# venison with qview



## jaso (Jan 25, 2010)

well the venison was great ! ! 





hope ya'll enjoyed your weekend! !


----------



## meat hunter (Jan 25, 2010)

I always say, nothing beats wild game. Looks great.
How did you prepare it? Any special recipe?


----------



## mballi3011 (Jan 25, 2010)

Like the meat hunter said who did you smoked your venison and what wood and all the good detail because after all you know:









"We Are The Kids and You Have The Candy"


----------



## cowgirl (Jan 25, 2010)

Good looking feast Jaso!


----------



## grouper sandwich (Jan 25, 2010)

The asparagus looks great. How'd you prepare it?


----------



## beer-b-q (Jan 25, 2010)

Looks Great...


----------



## jaso (Jan 25, 2010)

Iseasoned the venison with carolina rump shake then injected with a little worcestershire sauce and bbq mix. took about 3 and a half hours to smoke the wind was killing my temp! ! sauteed the aspearagus and mushrooms with a little evoo and garlic salt.

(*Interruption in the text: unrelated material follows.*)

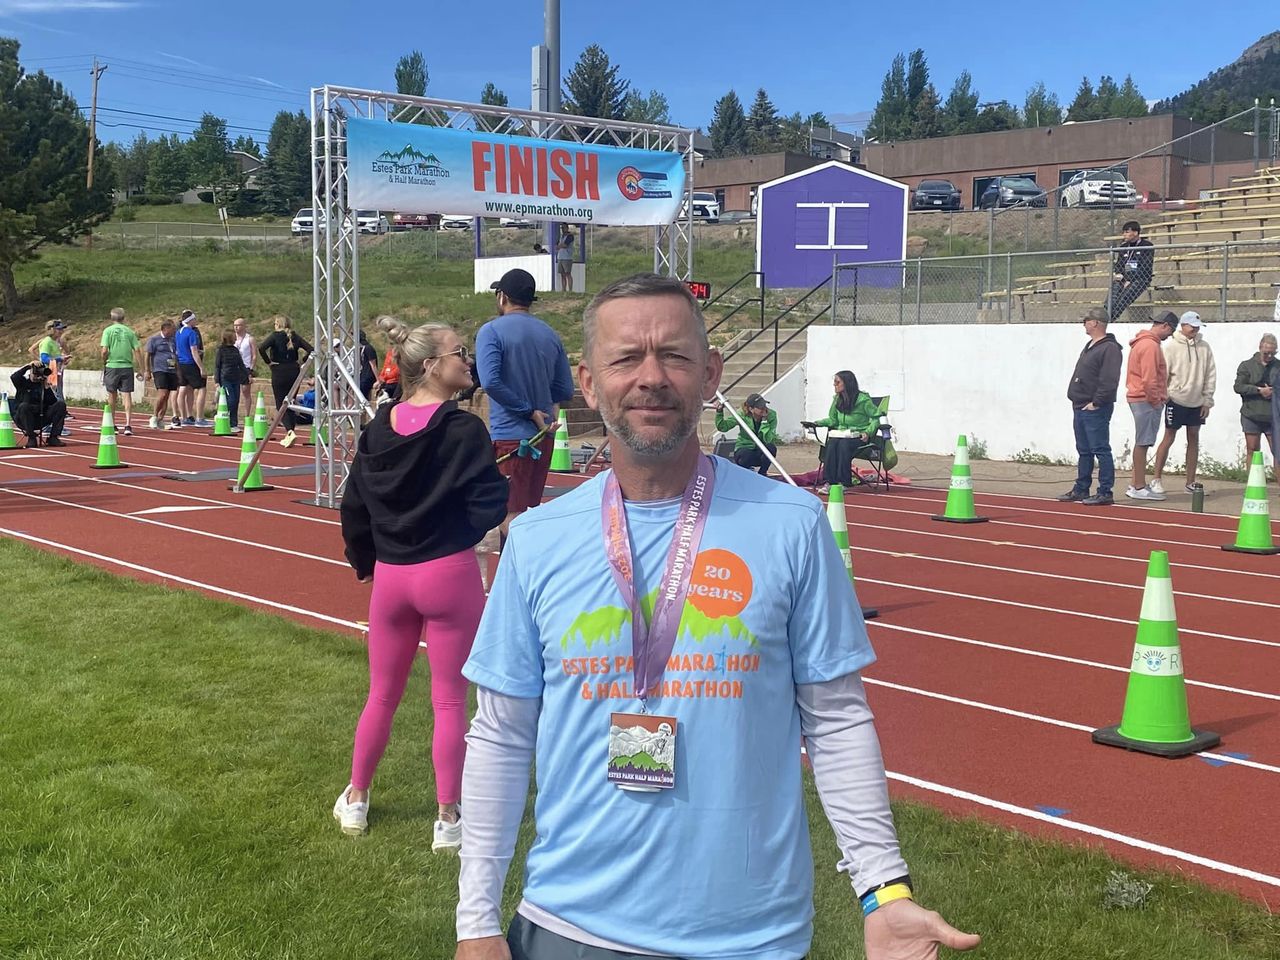 Sulphur Springs Man Runs Half-Marathon in Colorado

Honestly the venison came out awesome sliced thin can cut with a fork......really loved the carolina rump shake will have to use again  smoked the venison with some mesquite and pecan ! ! !


----------



## jerseyhunter (Jan 25, 2010)

Looks great


----------



## alx (Jan 25, 2010)

Nice job on this......Like the veggies too...


----------